**What is needed**
In the data below, set down exactly the lines from the one containing "Snowy River S" up to and including the one containing "Sony RX100 III". Leave the pictures out.

**Records for processing**
--*--

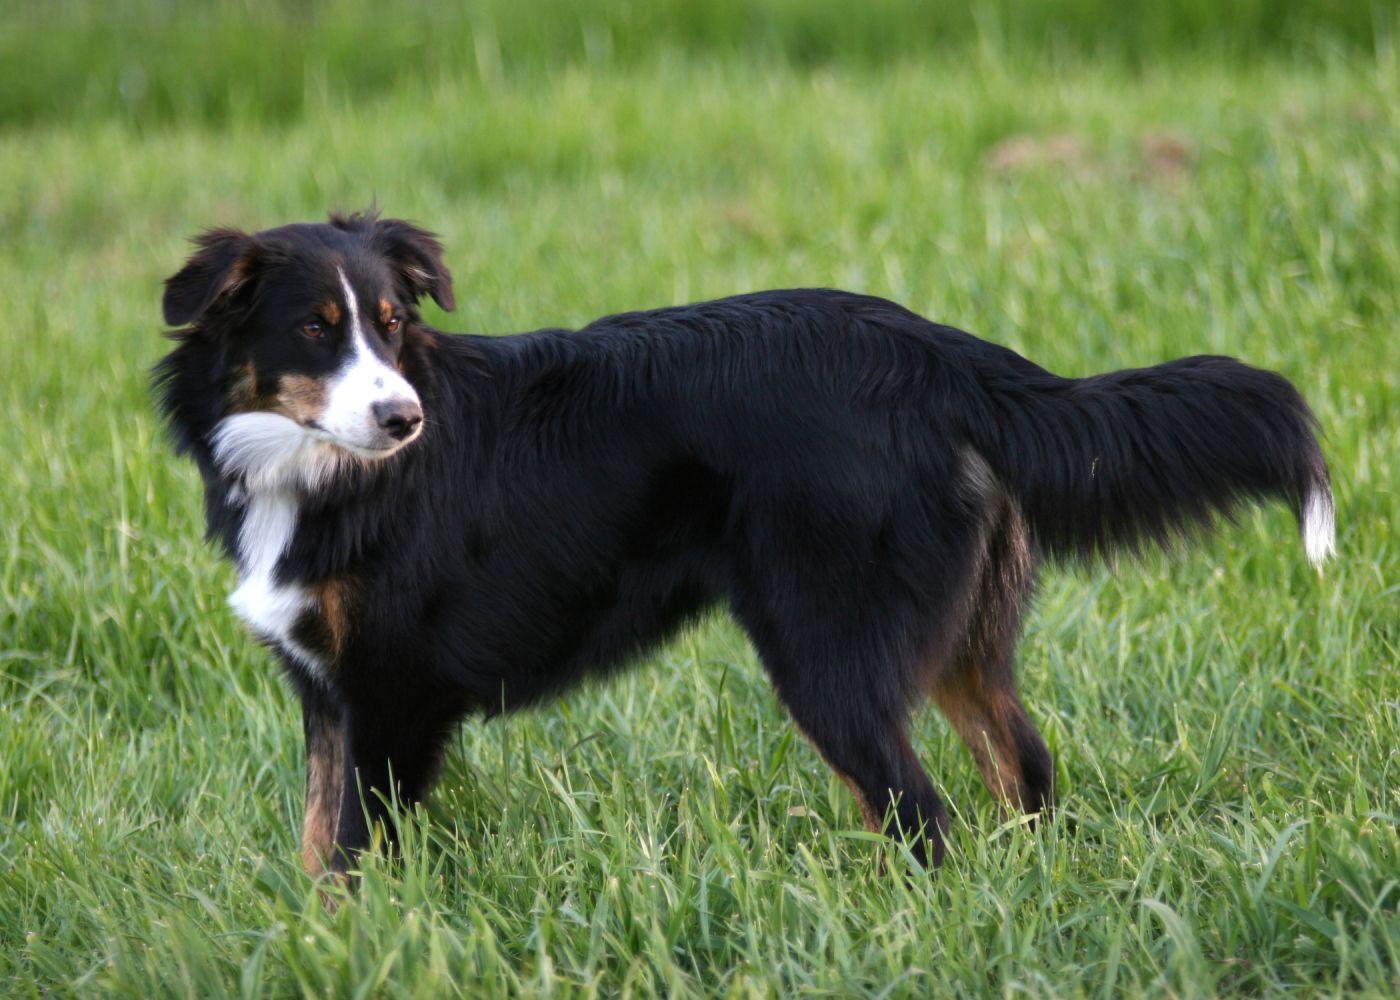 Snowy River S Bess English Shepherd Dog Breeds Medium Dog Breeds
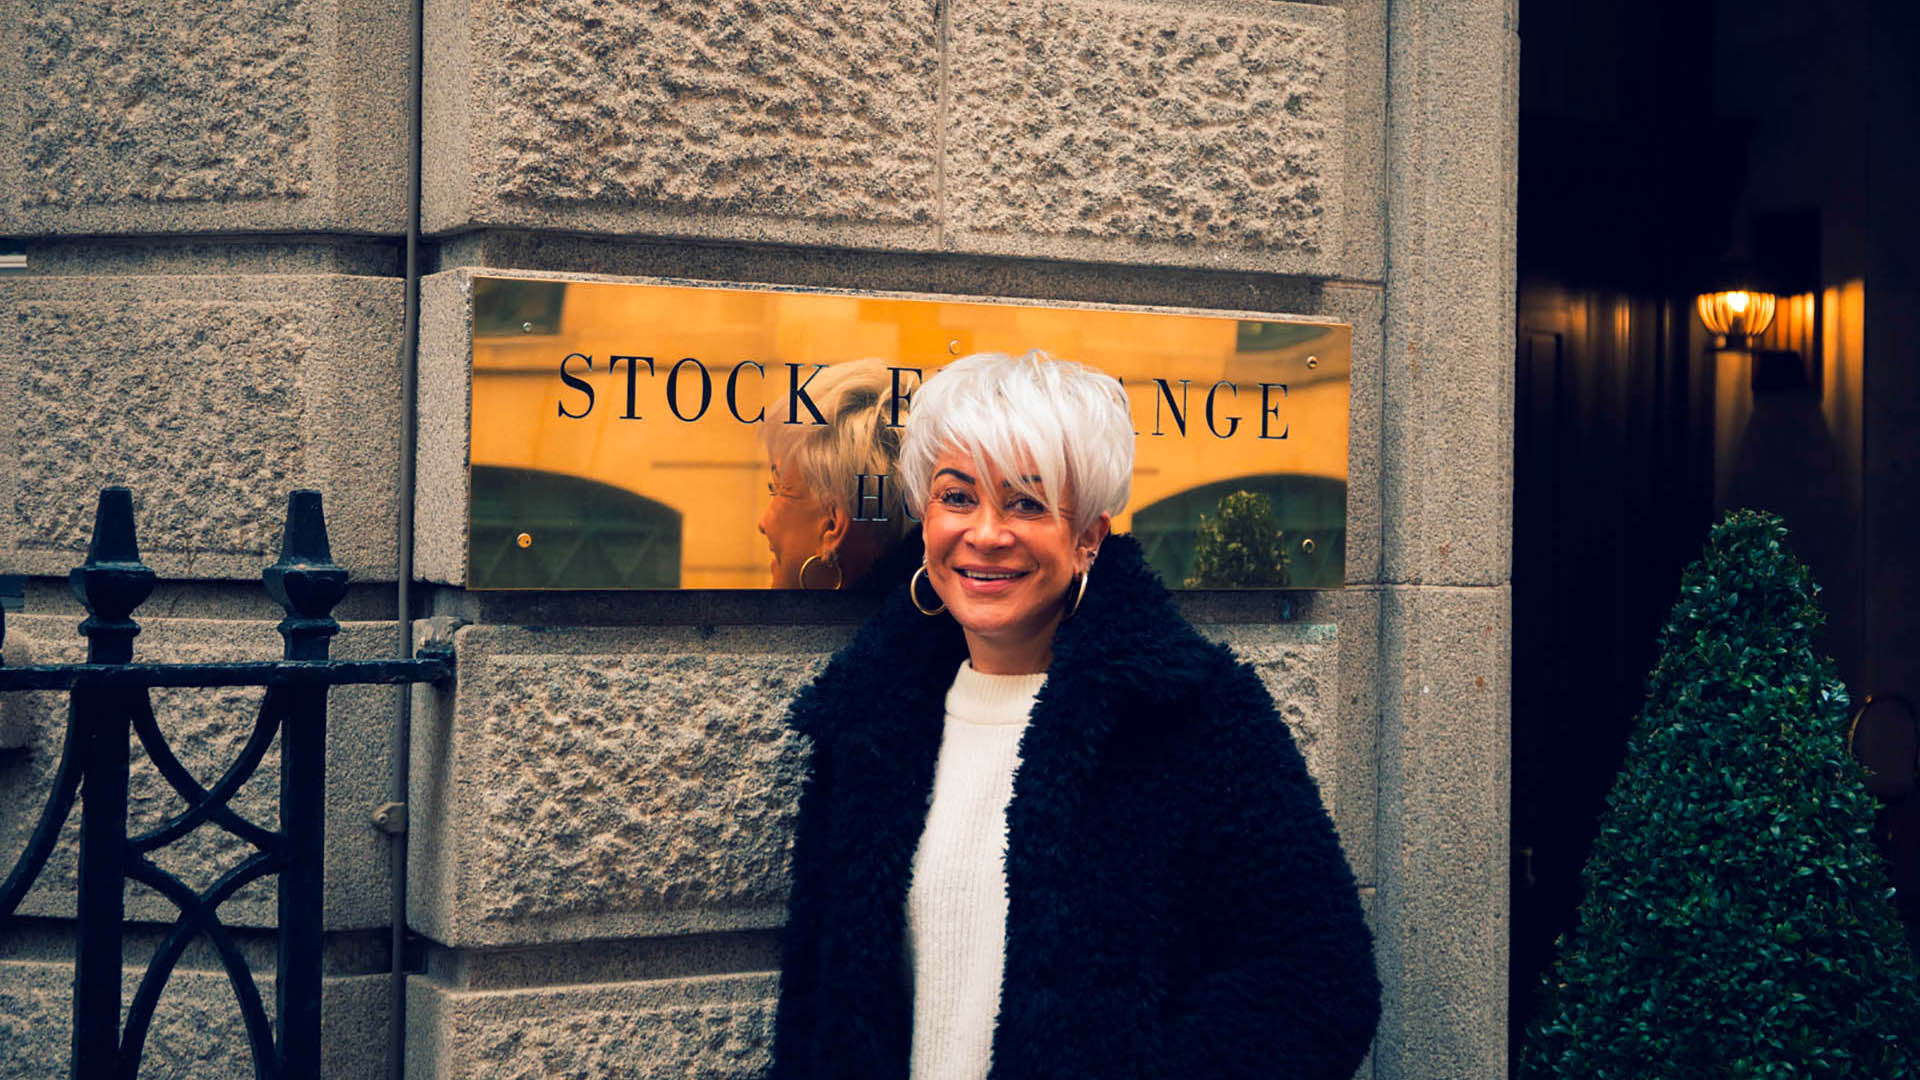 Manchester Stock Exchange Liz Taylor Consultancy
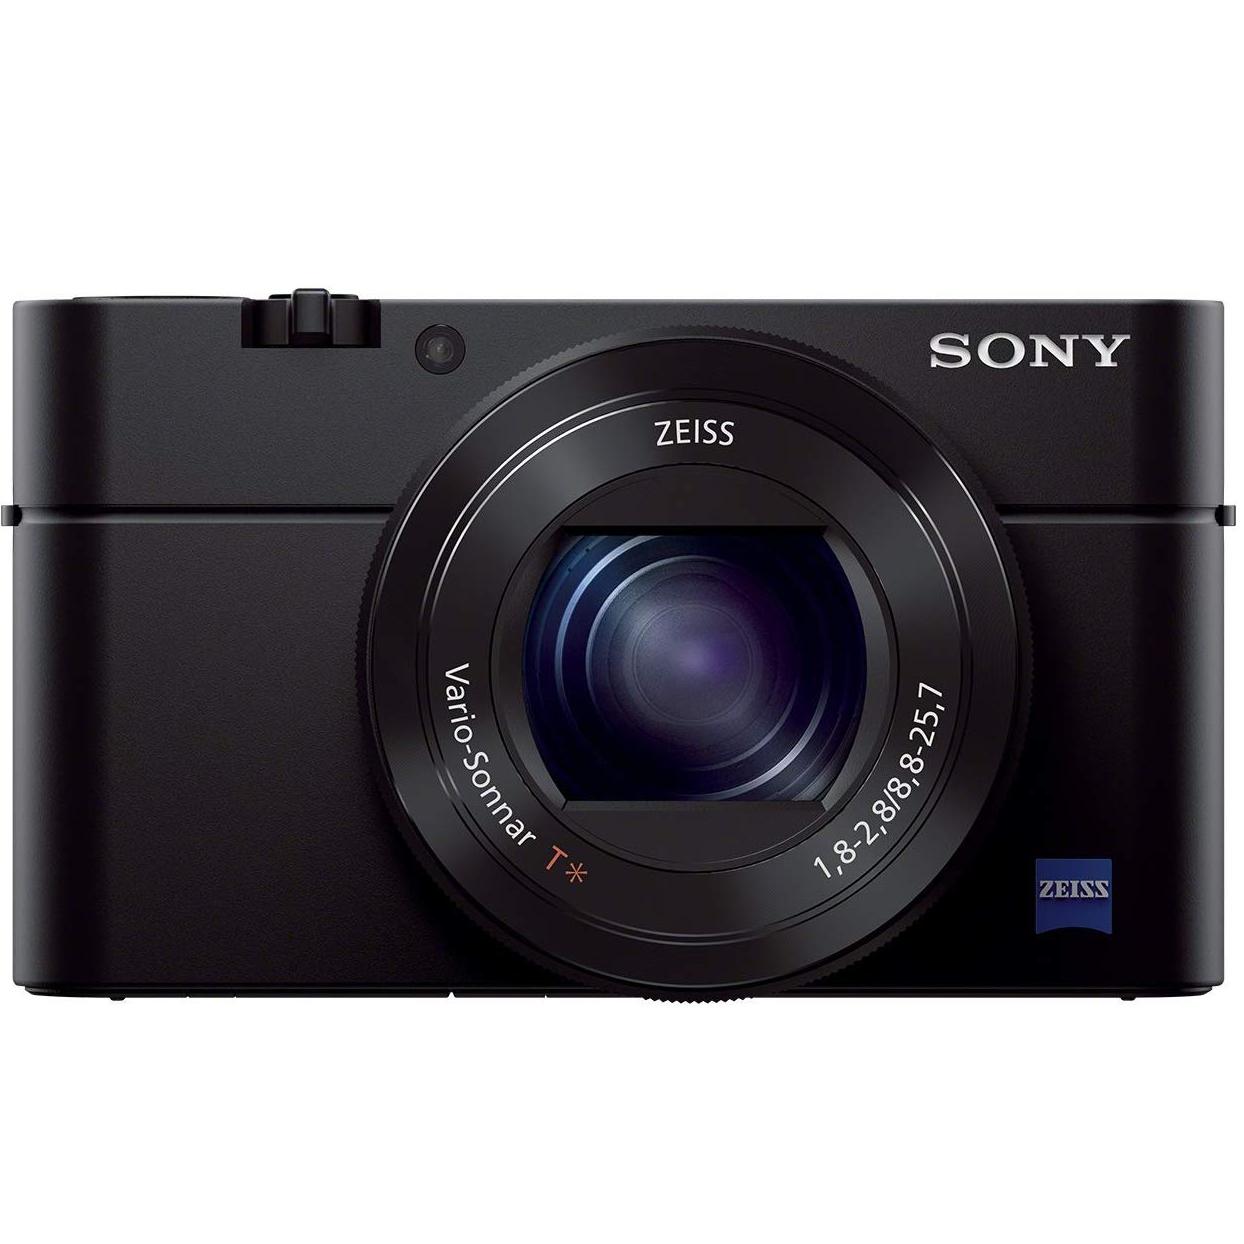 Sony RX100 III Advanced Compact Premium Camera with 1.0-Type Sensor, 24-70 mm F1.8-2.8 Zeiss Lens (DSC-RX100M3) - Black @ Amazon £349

--*--

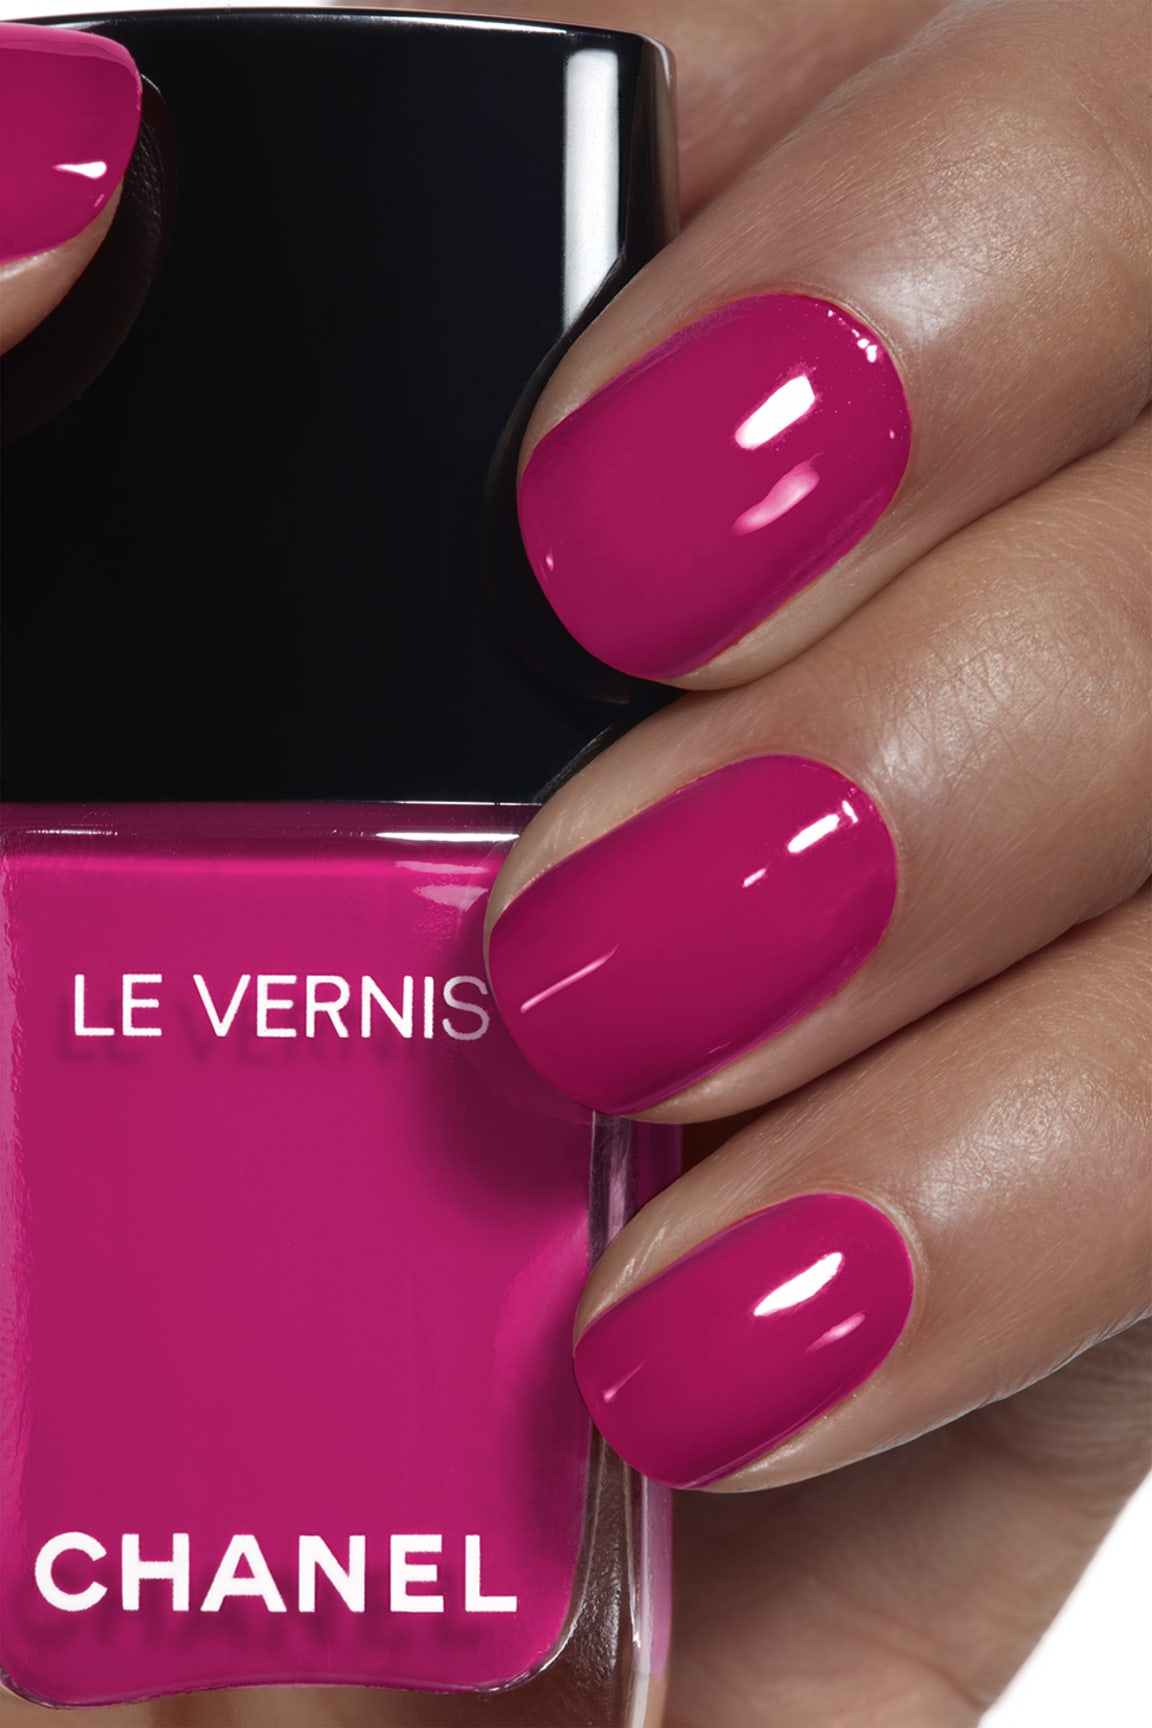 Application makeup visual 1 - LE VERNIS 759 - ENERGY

--*--

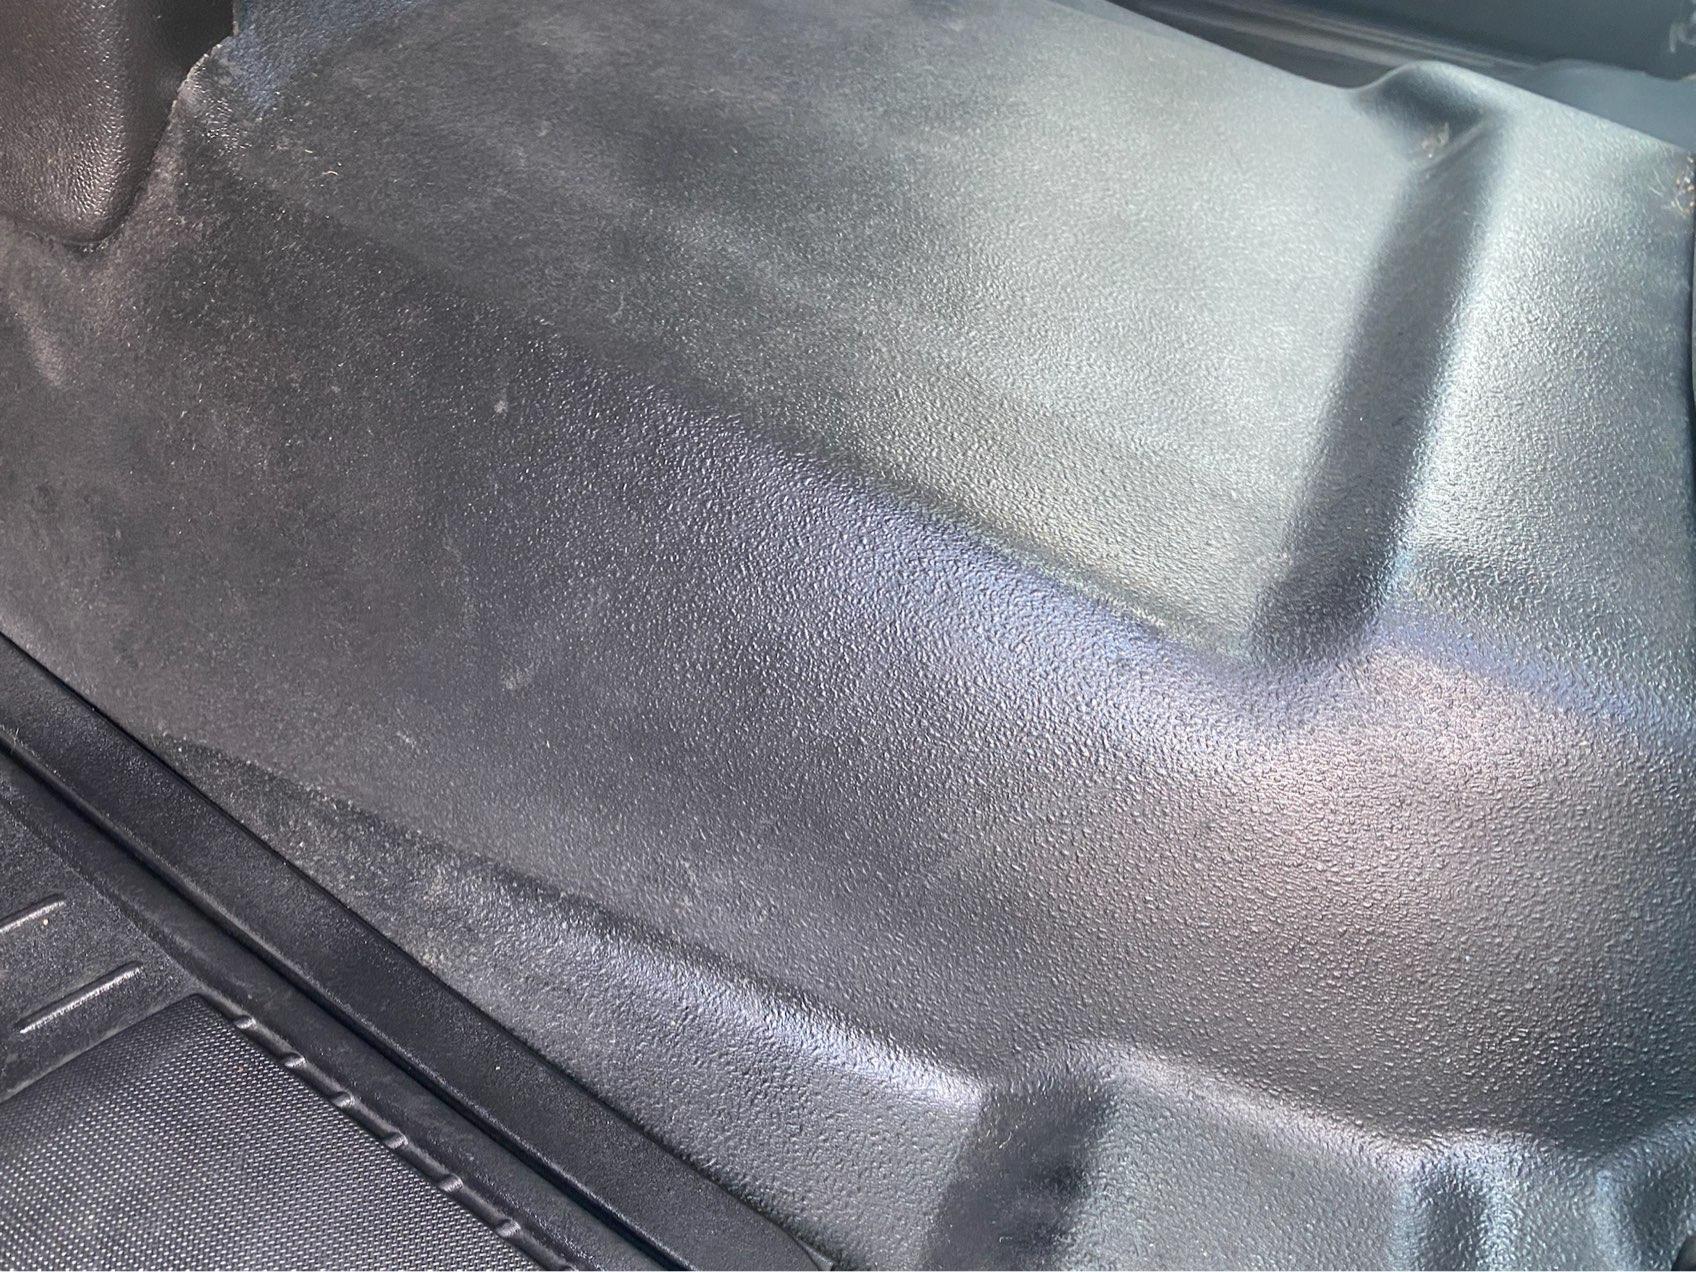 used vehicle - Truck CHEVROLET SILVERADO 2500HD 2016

--*--

**Expected answer**
 Snowy River S Bess English Shepherd Dog Breeds Medium Dog Breeds
 Manchester Stock Exchange Liz Taylor Consultancy
 Sony RX100 III Advanced Compact Premium Camera with 1.0-Type Sensor, 24-70 mm F1.8-2.8 Zeiss Lens (DSC-RX100M3) - Black @ Amazon £349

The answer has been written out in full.